Copy out the lines beginning at the one with "Lebensmittel, die reich" and ending at the last line of the data, both included; pictures stay out.
== Supplied information
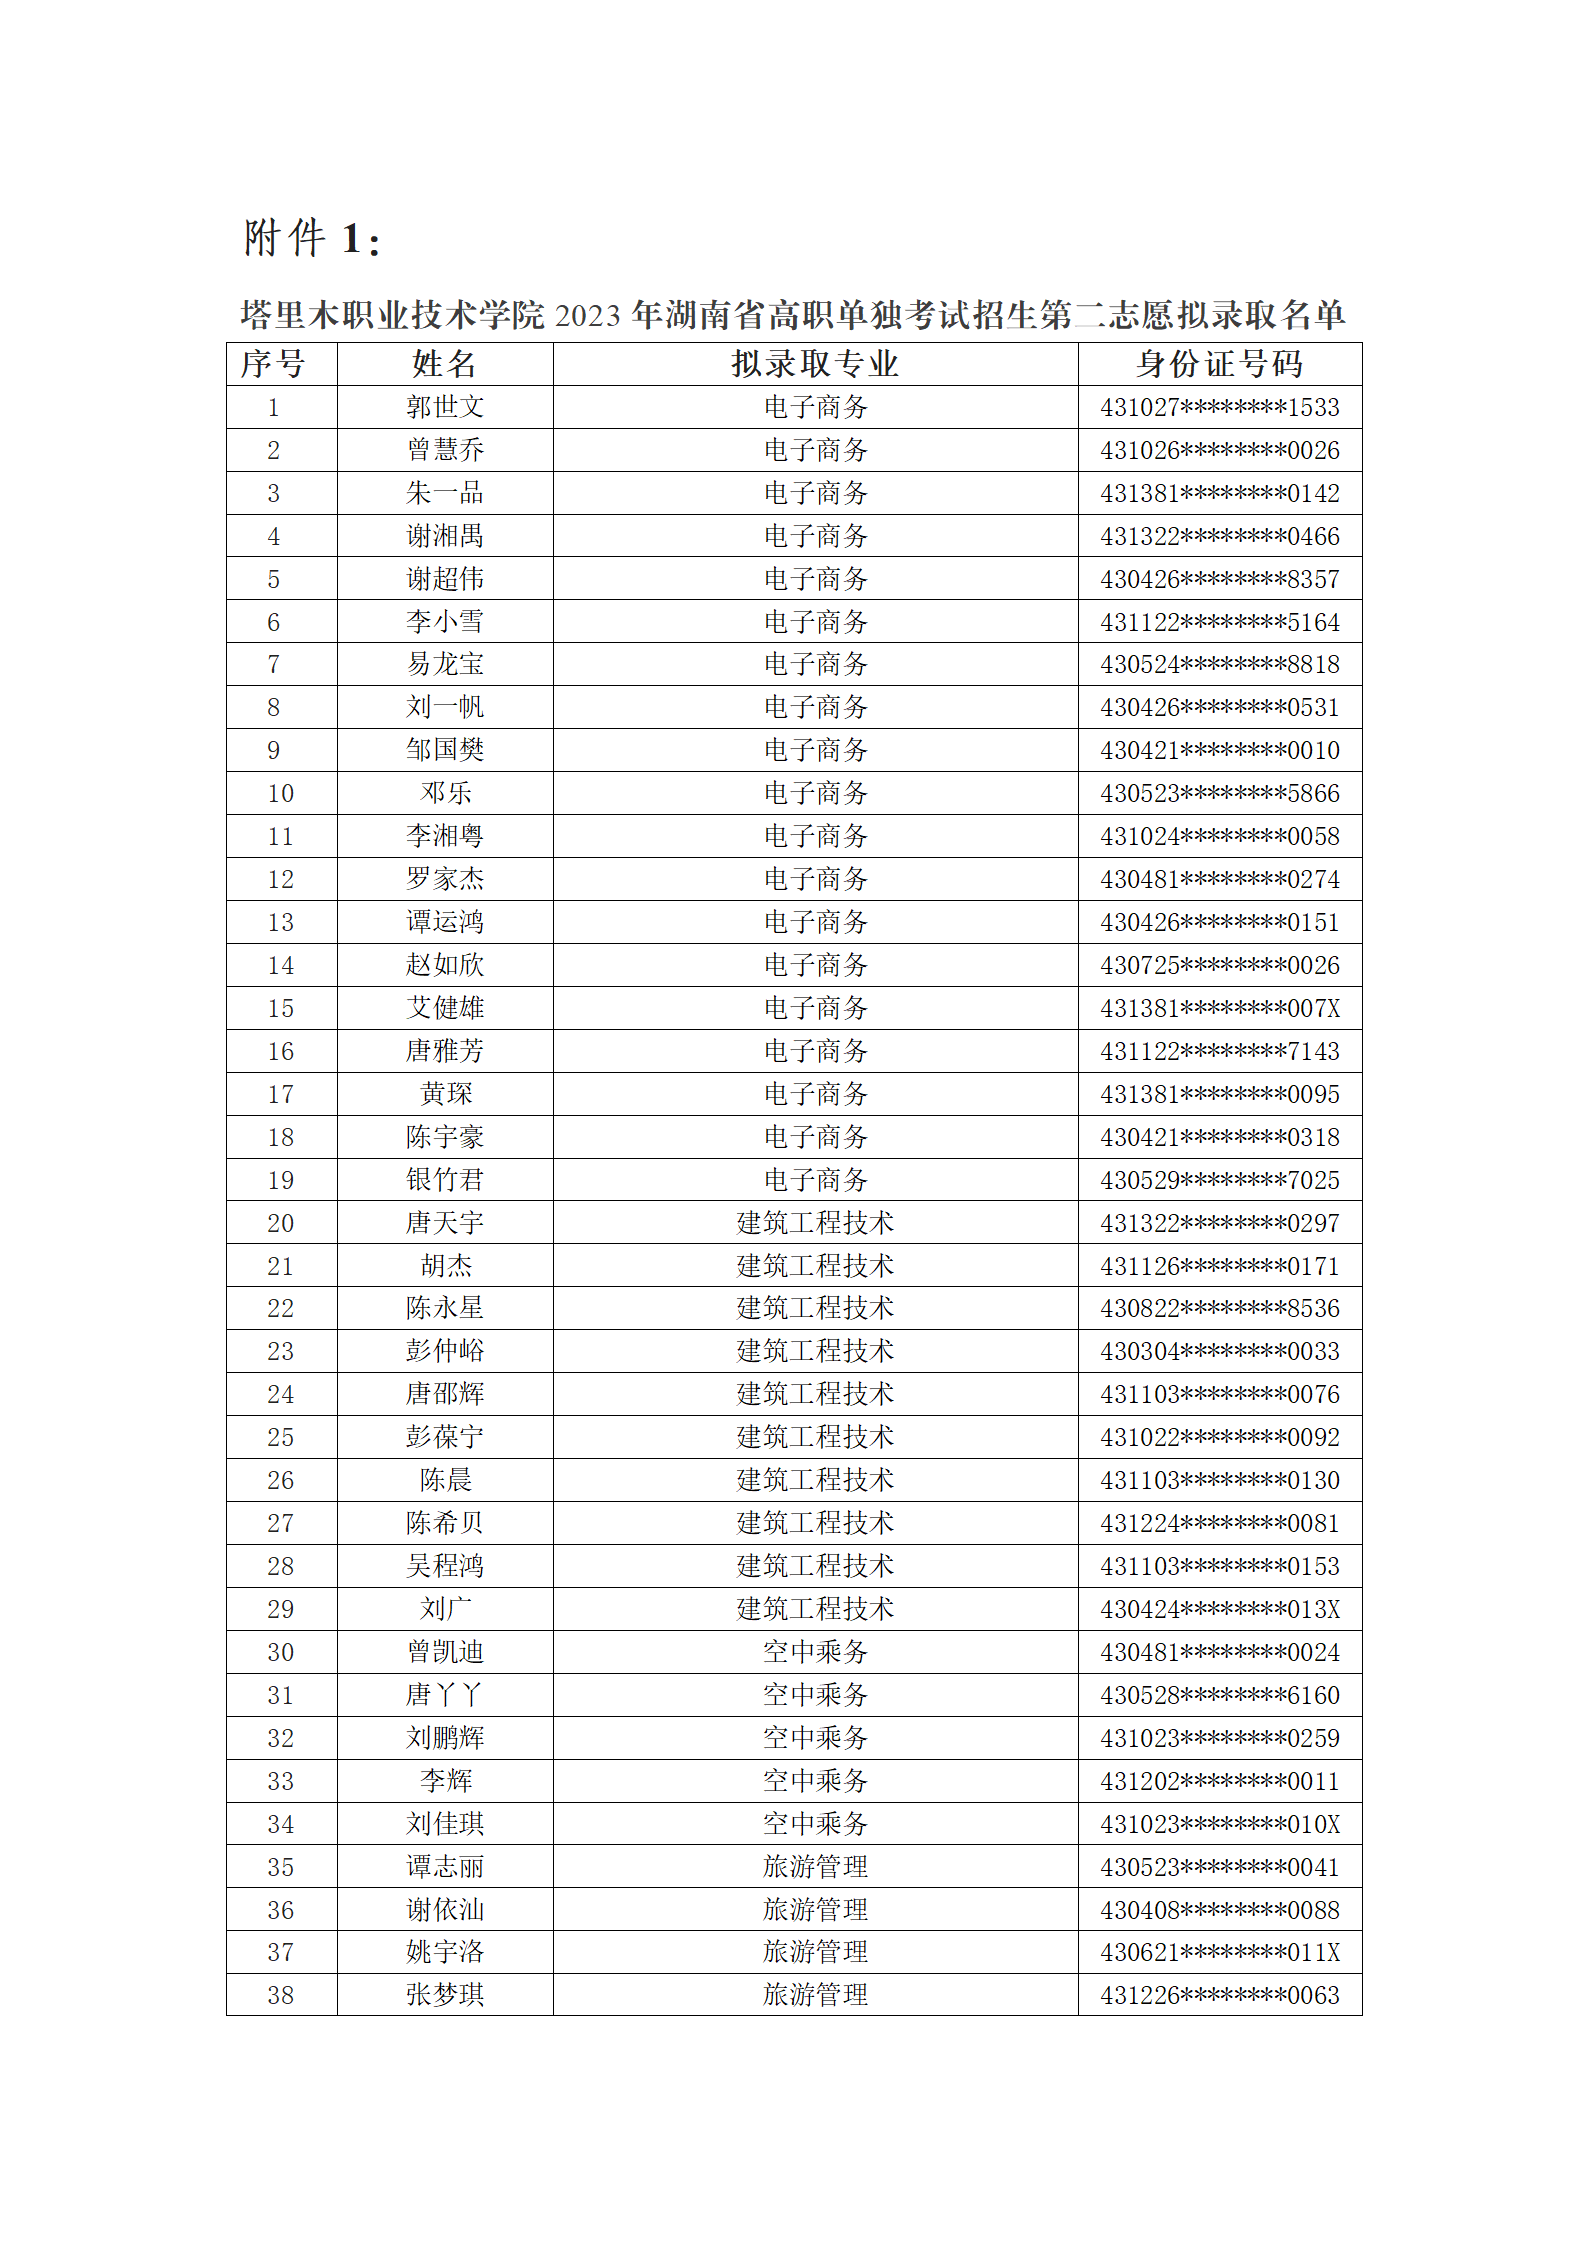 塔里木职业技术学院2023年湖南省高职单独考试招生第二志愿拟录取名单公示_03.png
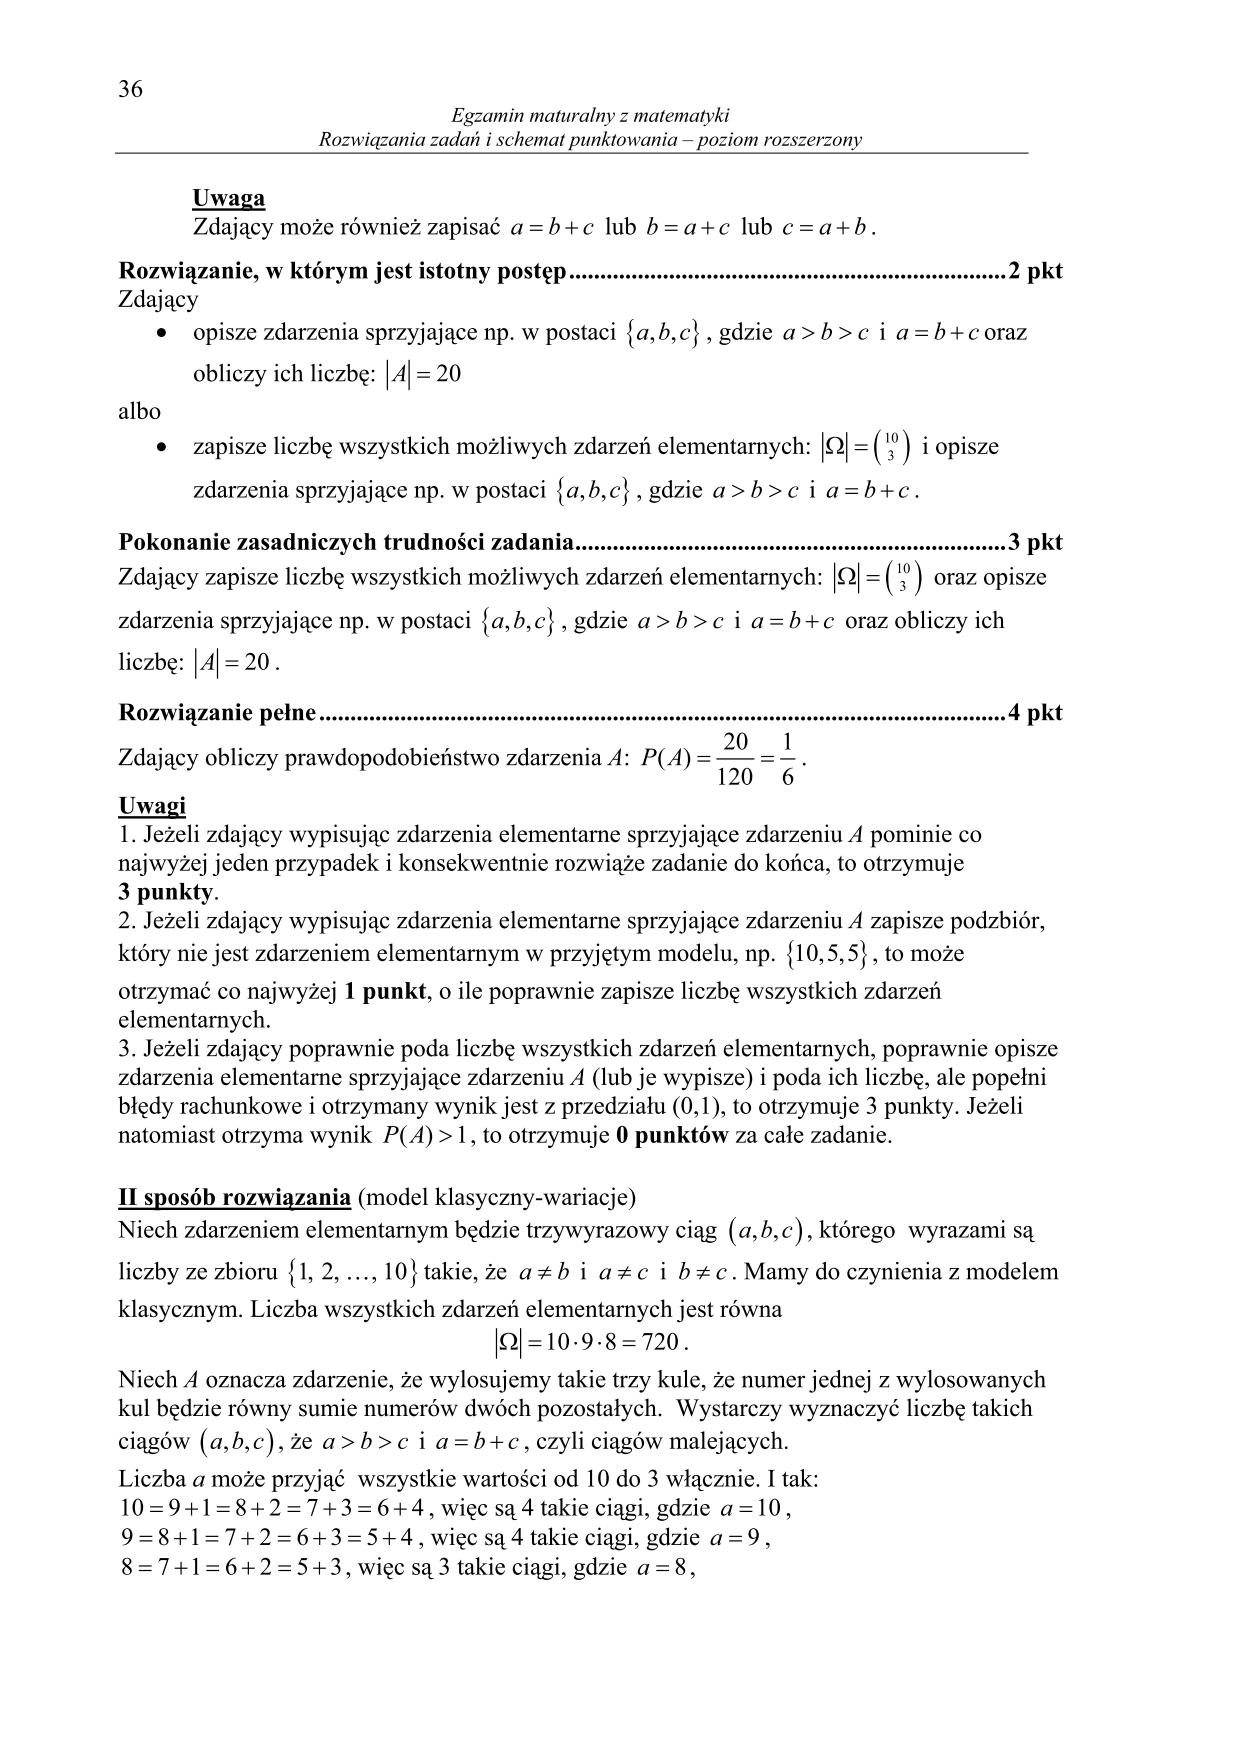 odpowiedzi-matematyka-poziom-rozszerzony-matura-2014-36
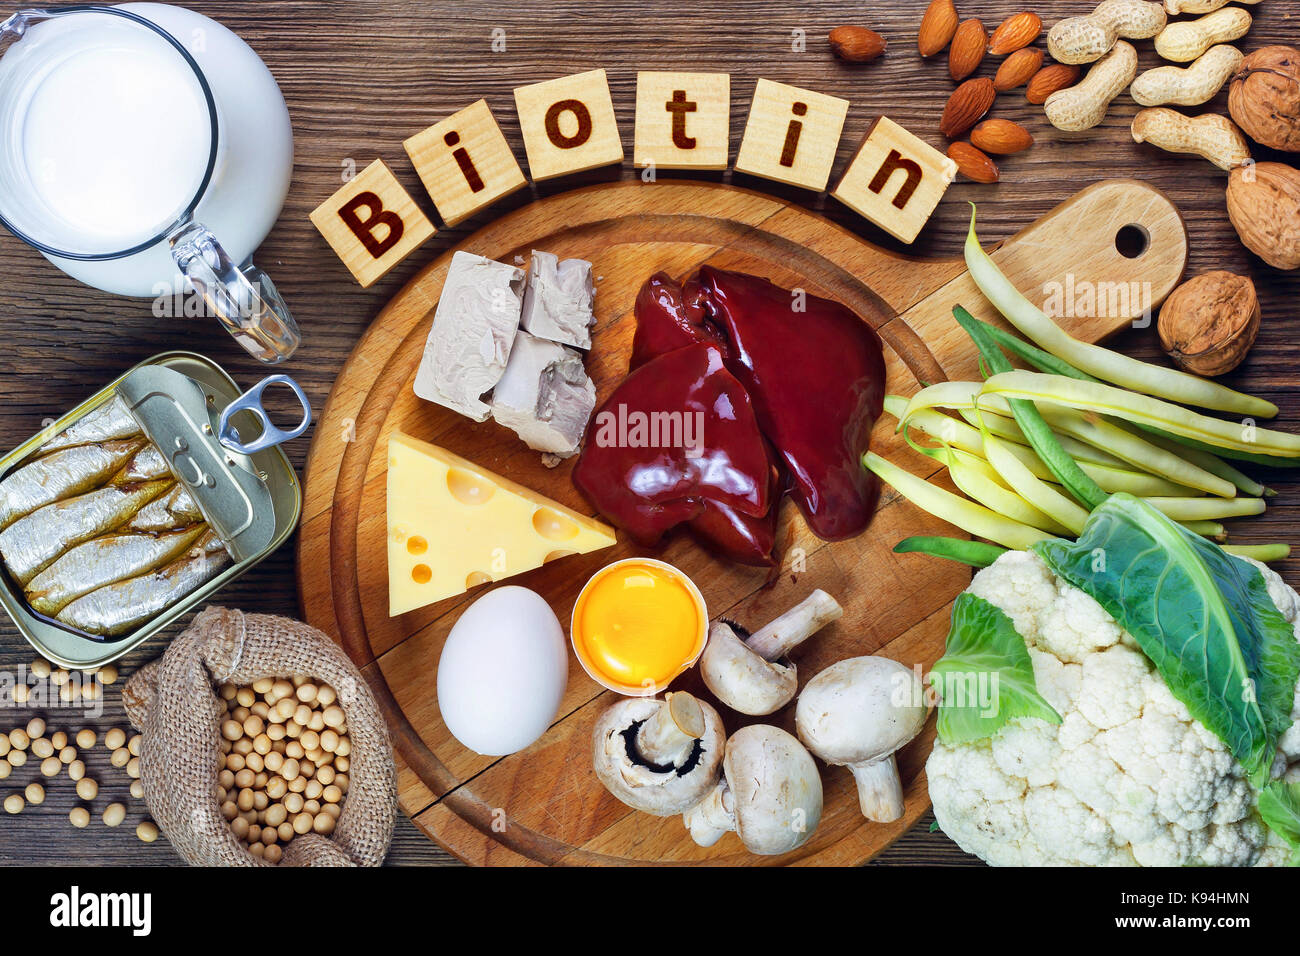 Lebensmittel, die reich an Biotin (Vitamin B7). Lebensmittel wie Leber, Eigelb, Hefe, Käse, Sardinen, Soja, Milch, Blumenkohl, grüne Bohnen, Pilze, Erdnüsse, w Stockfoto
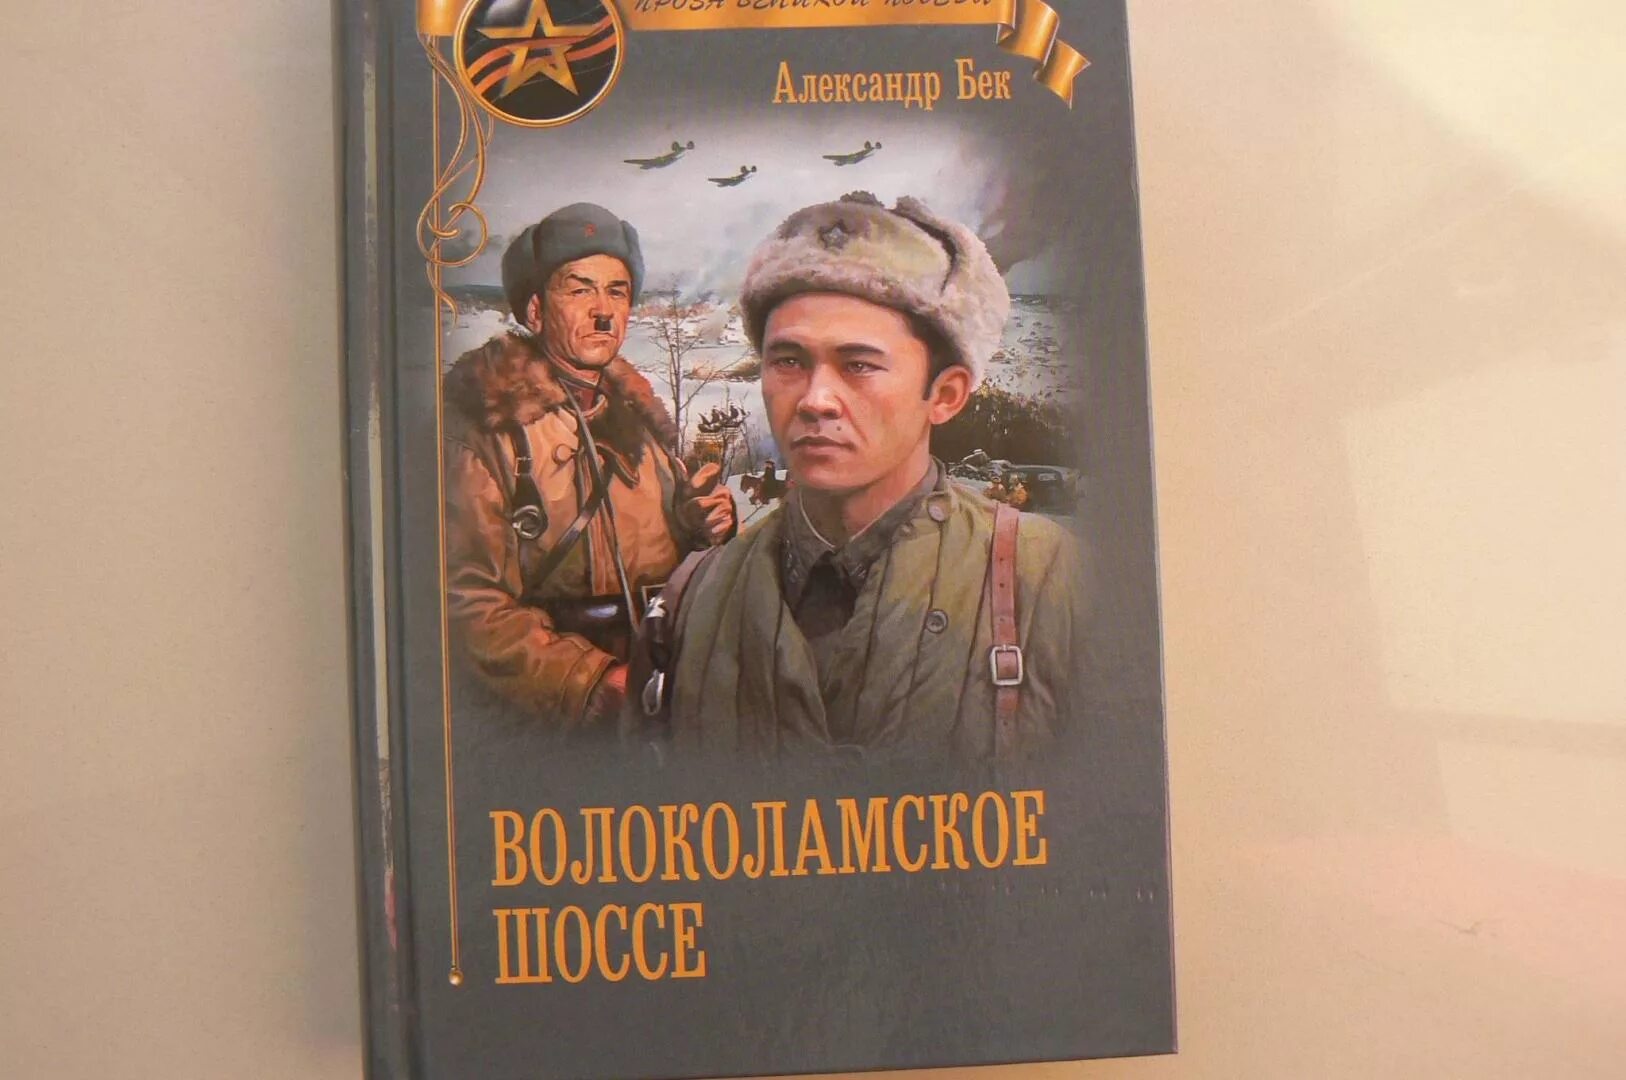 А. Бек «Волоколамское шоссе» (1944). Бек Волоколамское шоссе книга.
====
### Expected answer
 Lebensmittel, die reich an Biotin (Vitamin B7). Lebensmittel wie Leber, Eigelb, Hefe, Käse, Sardinen, Soja, Milch, Blumenkohl, grüne Bohnen, Pilze, Erdnüsse, w Stockfoto
 А. Бек «Волоколамское шоссе» (1944). Бек Волоколамское шоссе книга.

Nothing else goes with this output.